第3話:気ままな子:this spring
「相変わらず凄いよね」
ライン兄さんは眼前に広がる光景に呆れとも似つかない感情を漏らす。シロポポが目測数百メートルにも広がる光景は、普通ならどう考えてもあり得ないからだ。
薬草庭園は、俺が住んでいる屋敷から数分歩いたところにある。そして、そこは開けた場所ではあるが、数百メートルにわたって花が咲き誇るほどの広さはない。薬草庭園の外見は百メートル四方の草木の壁に覆われた場所なのである。

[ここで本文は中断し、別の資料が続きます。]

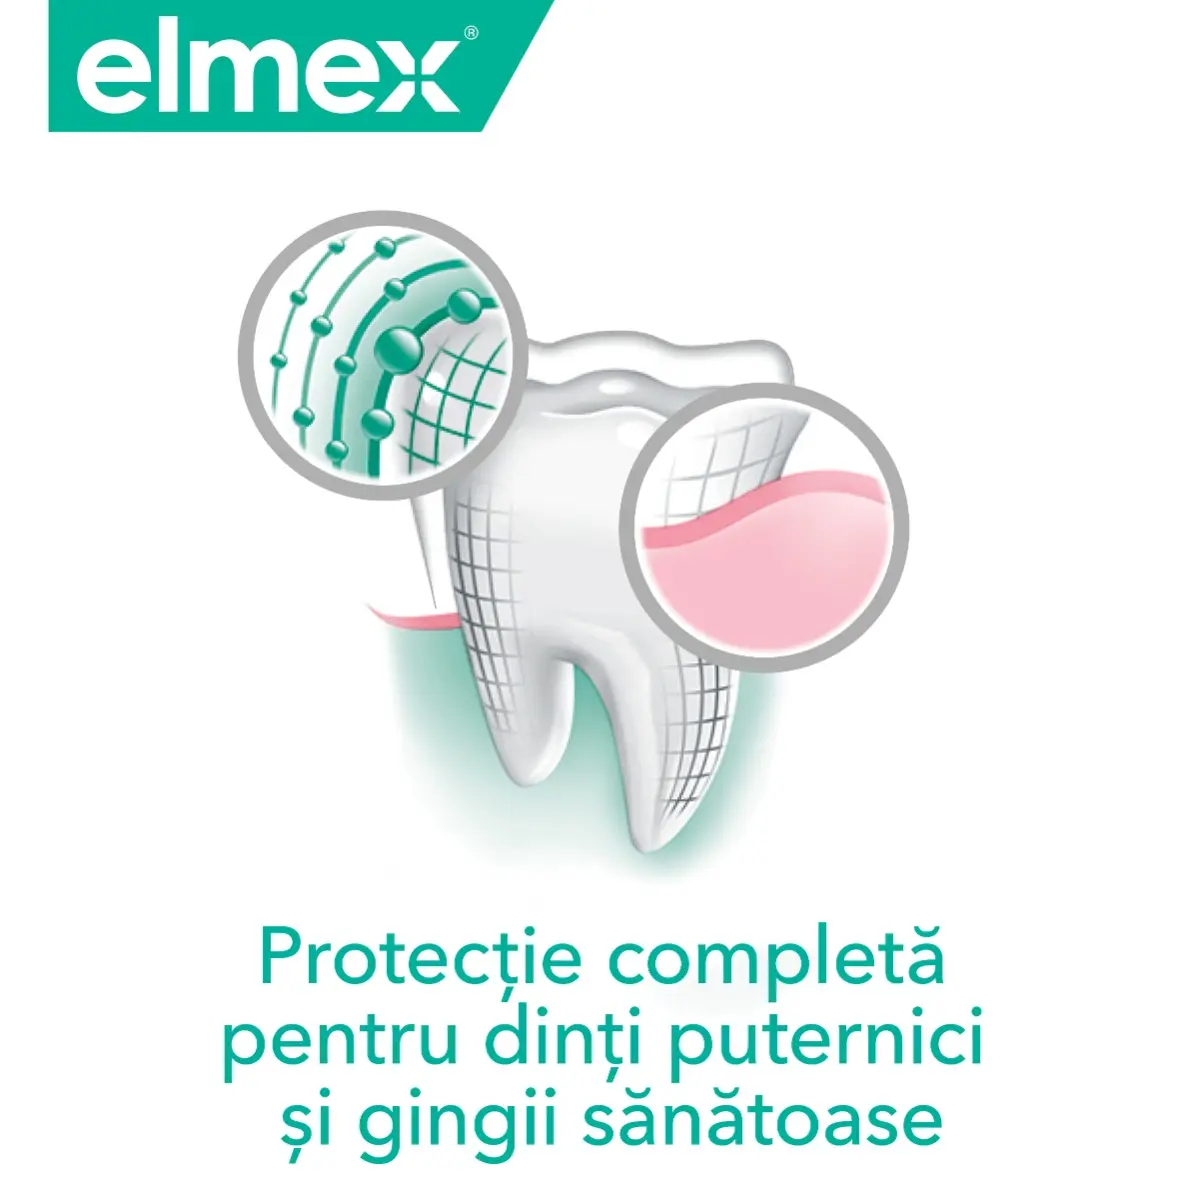 Pasta de dinti elmex Sensitive Plus Complete Protection, pentru dinti sensibili, 75 ml
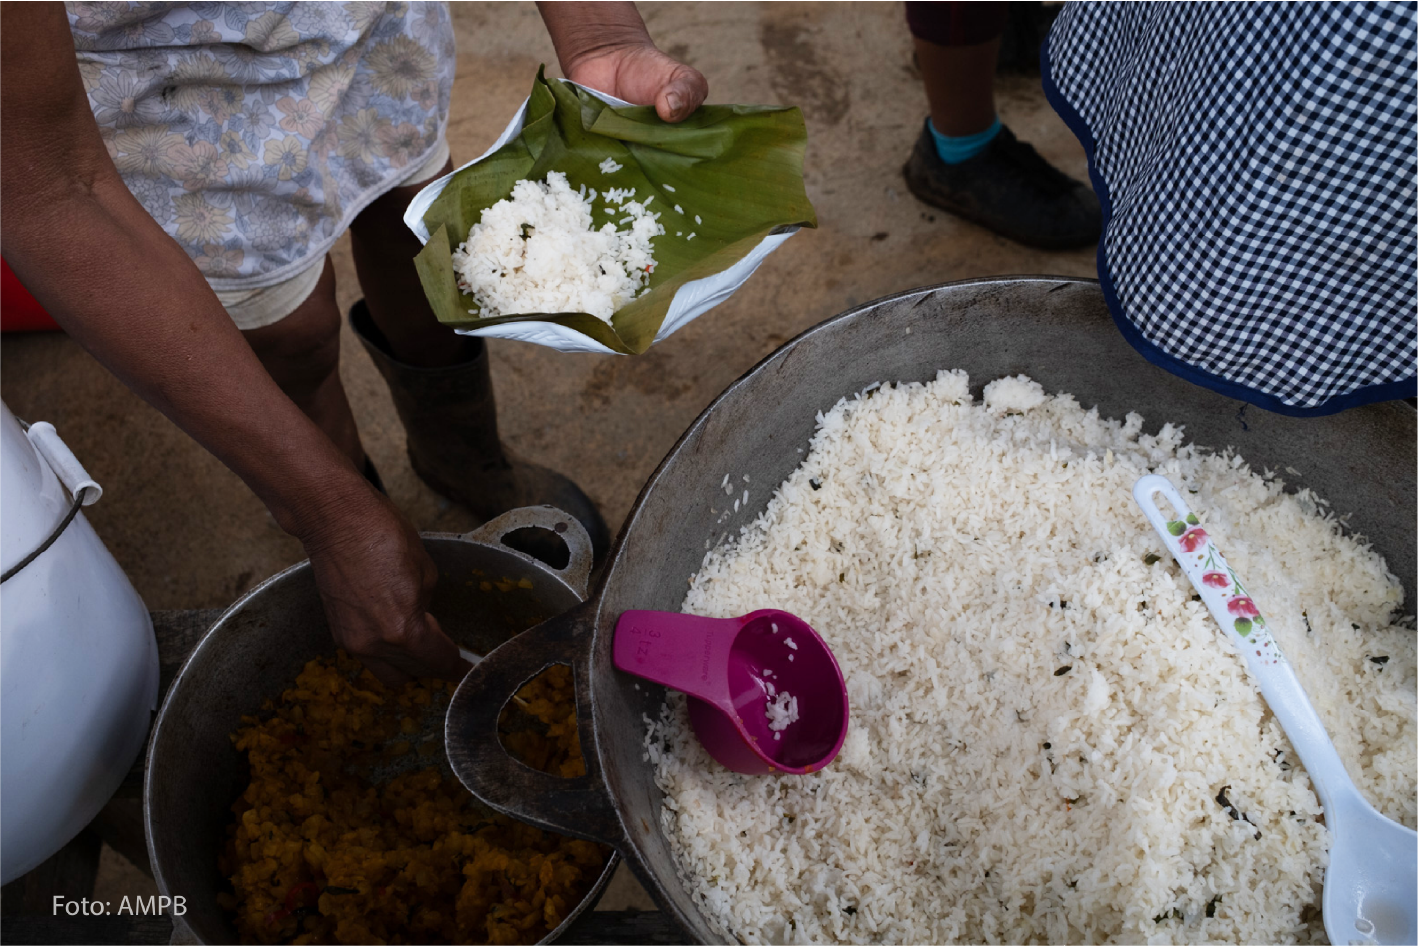 En Nairi-Awari hay pocas oportunidades de empleo. La comunidad le ha hecho frente a esta limitante con su iniciativa turística y con la producción de alimentos propios. Anteriormente, les tomaba alrededor de 1 día comprar alimentos fuera de la comunidad.

中に、シロポポが数百メートルも広がる。ましてや、世界中のあらゆる植物が、あらゆる気候条件――森、山、砂漠、荒野、雪、氷山――が存在できる空間の大きさではないのだ。
それを可能にしているのは、
「本当に凄いんだよ! ホント、どんだけの空間魔法の技量があれば、こんな馬鹿みたいな空間拡張できるんだろな!?」
空間魔法である。
俺は地団駄を踏む。ぶっちゃけ、この光景は常識を疑うレベルを余裕でぶち抜き、世界を疑うレベルなのである。まぁ、つまり、明日世界は滅亡しますって言われた感じだ。そんなのあり得ないと思うレベルなのだ。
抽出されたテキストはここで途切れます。